Part of her job involves getting doughnuts for the office, and although there's only four or five people there, she gets four or five dozen at a drive-thru on the way, and they're mostly for her. At work, she just sits at a computer, her belly pressed against the desk so she can reach the keys, and types in numbers with one hand while stuffing doughnuts into her mouth with the other. 

For lunch she and her friend, another fatty, go out to a restaurant for lunch, usually the buffet, and make absolute pigs of themselves, forcing as much as possible as fast as possible into their guts before they have to be back at the office. Then they sit at their desks in a glutted stupor, trying not to actually fall asleep as their bodies process it all into more fat. There's always a snack time later in the afternoon, delivered sandwiches or a pizza, just to tide them over before she has to make her way home again, squashed back into her car, for the monstrous dinner Dad will have made.

Even when we were little kids, we had enormous dinners. We were fat little babies, generously supplied from Mom's soccer-ball breasts, and when we moved onto solid food we didn't slow down eating at all. There was some sibling rivalry, I guess, and we would always try to out-eat each other. Dinner usually ended with Dad doing the dishes, Mom asleep in her chair, and the three of us lying back as far as we could, groaning under the fantastic bulk of our bellies. Far too full to get up, or even move, we would just sit there and between moaning in pain from the pressure inside, grunting and burping as we tried to shift our weight, we'd argue about who ate more or whose belly was bigger, until we all joined Mom in slipping into overfed unconsciousness

As a result of that kind of gluttony morning, noon, and night, we didn't get any thinner. We never really lost our 'baby fat', and seemed to get wider just as fast as we got taller. As kids we were very much plump, as tweens we had swollen pot-bellies and thick waistlines. As teenagers we got even fatter, sporting enormous stomachs protruding feet in front of us. We grew giant asses and enormous tits from all the extra flab we had, ponderously wobbling and waddling around, and were easily exhausted by the shortest walk. Sure, in public they made fun of us, but at home we still wanted more, to eat more, to get bigger and fatter and heavier.

Maribelle, the middle sister, we all call her Belle, got bigger and fatter and heavier than Maya. She's taking some online courses at the local community college, but she never goes to the campus. She doesn't go because she's much too fat. Seated, her belly pushes her breasts up into her face, floods over her lap, and rolls forward over her knees so far she can't reach her own bellybutton, a gigantic ball of fat, a grossly inflated mass testifying to her unremitting eating.

Her eating is constant, decadent, and filling. She sits sideways to the computer so she can reach the keyboard with one fat-laden arm, pecking out letters one at a time with a pencil because her fingers are so swollen it's hard to type. But her other arm, despite being as swaddled in lard as the first, holds a large wooden spoon, and on her other side is always a huge bowl of something powerfully fattening. Potato salad, pasta, sometimes just a big bowl of ground beef she can shovel into her mouth with that big spoon.
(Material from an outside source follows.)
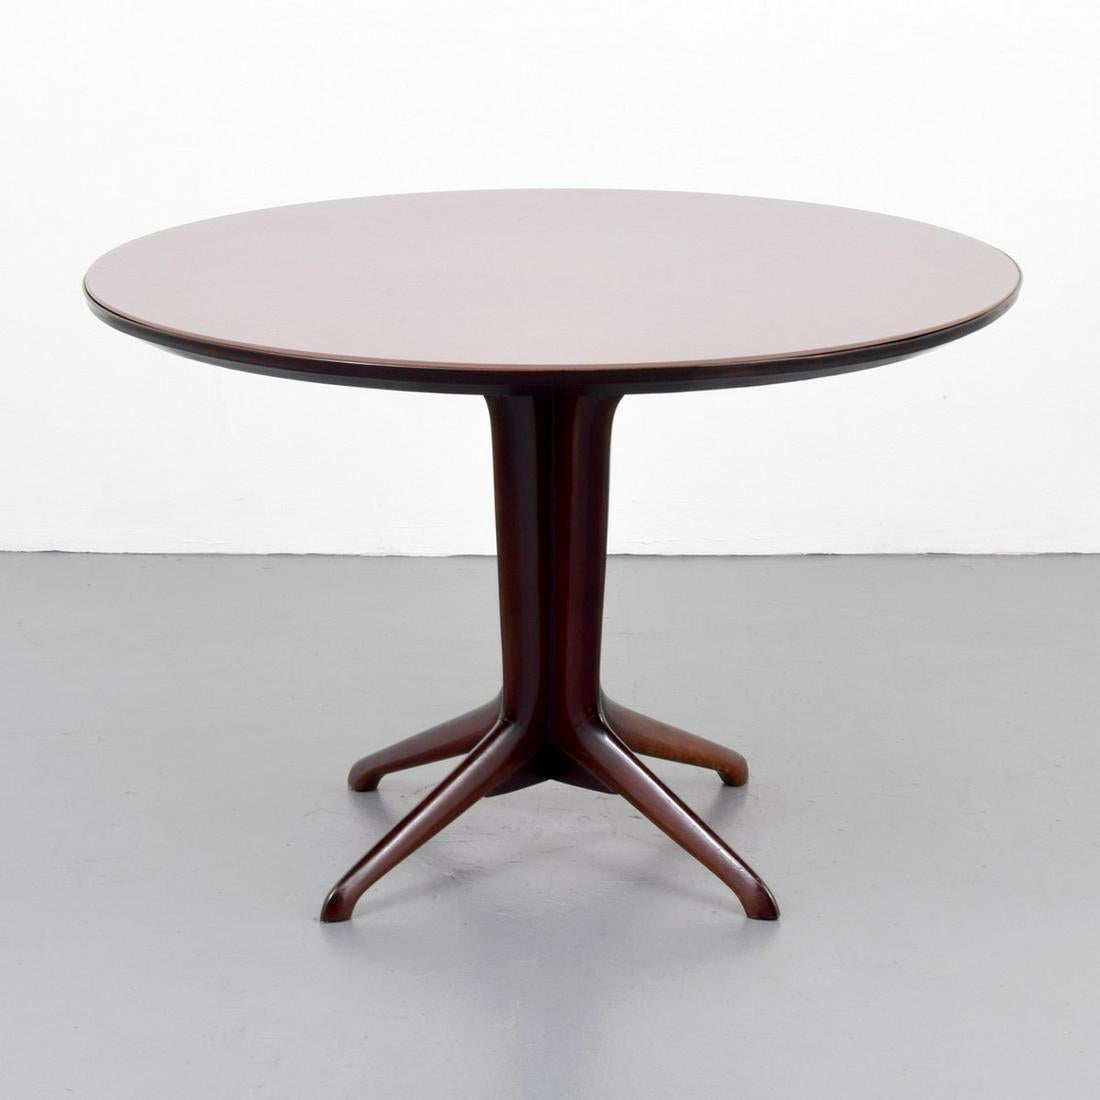 Round wooden dining table with glass top by Ico Parisi.

Shovel she does. Incessantly the spoon digs into the bowl beside her, soars over the mountains of her breasts, and slides down into her yawning maw with its high calorie load, only to reappear a moment later licked clean and starting its voyage again. Cheeks bulging full she swallows it all and opens her mouth for more. You can tell when she's hungry, because the pencil gets dropped, the computer forgotten, the spoon digs deeper and moves faster. Her free hand helps to force the ridiculous bites into her squirrel cheeks and she moans in dismay at every crumb or drop that falls early onto her belly or breast, her flabby fingers scrabbling for every tasty morsel she can reach.

Only when she has devoured a dozen or more great big bowls of food does she slow down, her gurgling and groaning belly loaded to capacity. But even then she doesn't stop, the spoon still arriving with load after load for her practically insatiable appetite. Once she's gotten stuffed, she has to stay stuffed, and that means swallowing more, eating more, digesting more, stretching her already enormously overstretched capacity still further as it all gets digested into more and more fat.
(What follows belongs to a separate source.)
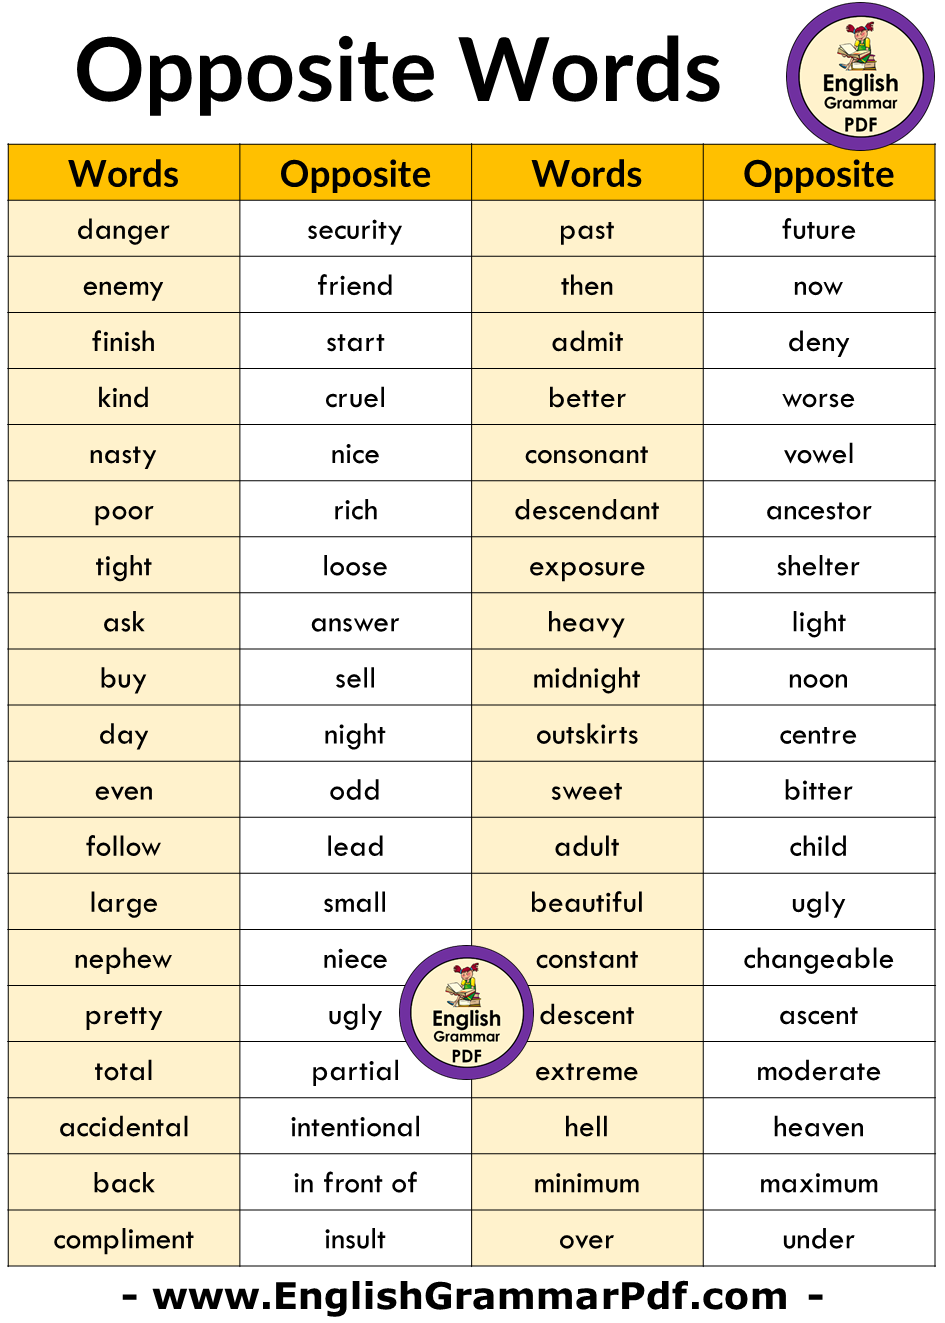 500 Opposite Words List in English

Belle is already so fat she can barely stand, and she's getting much fatter. She has a cart to get around the house, and hoists and handles to support and lift her, and she has no intention of stopping eating. For the last few months she's hardly bothered with going to bed, just passing out in the gigantic custom chair by the computer that she is rapidly overflowing, then waking up a few hours later and starting right back up again from the fresh bowl beside her.

In fact, she might very well be too fat for her bedroom door now. She had to turn and force herself through one bloated part at a time the last time, many pounds and many meals ago. The bathroom door has been widened twice already, yet it too is becoming a squeeze for her gargantuan rump, and turning sideways is completely ruled out by her immense belly.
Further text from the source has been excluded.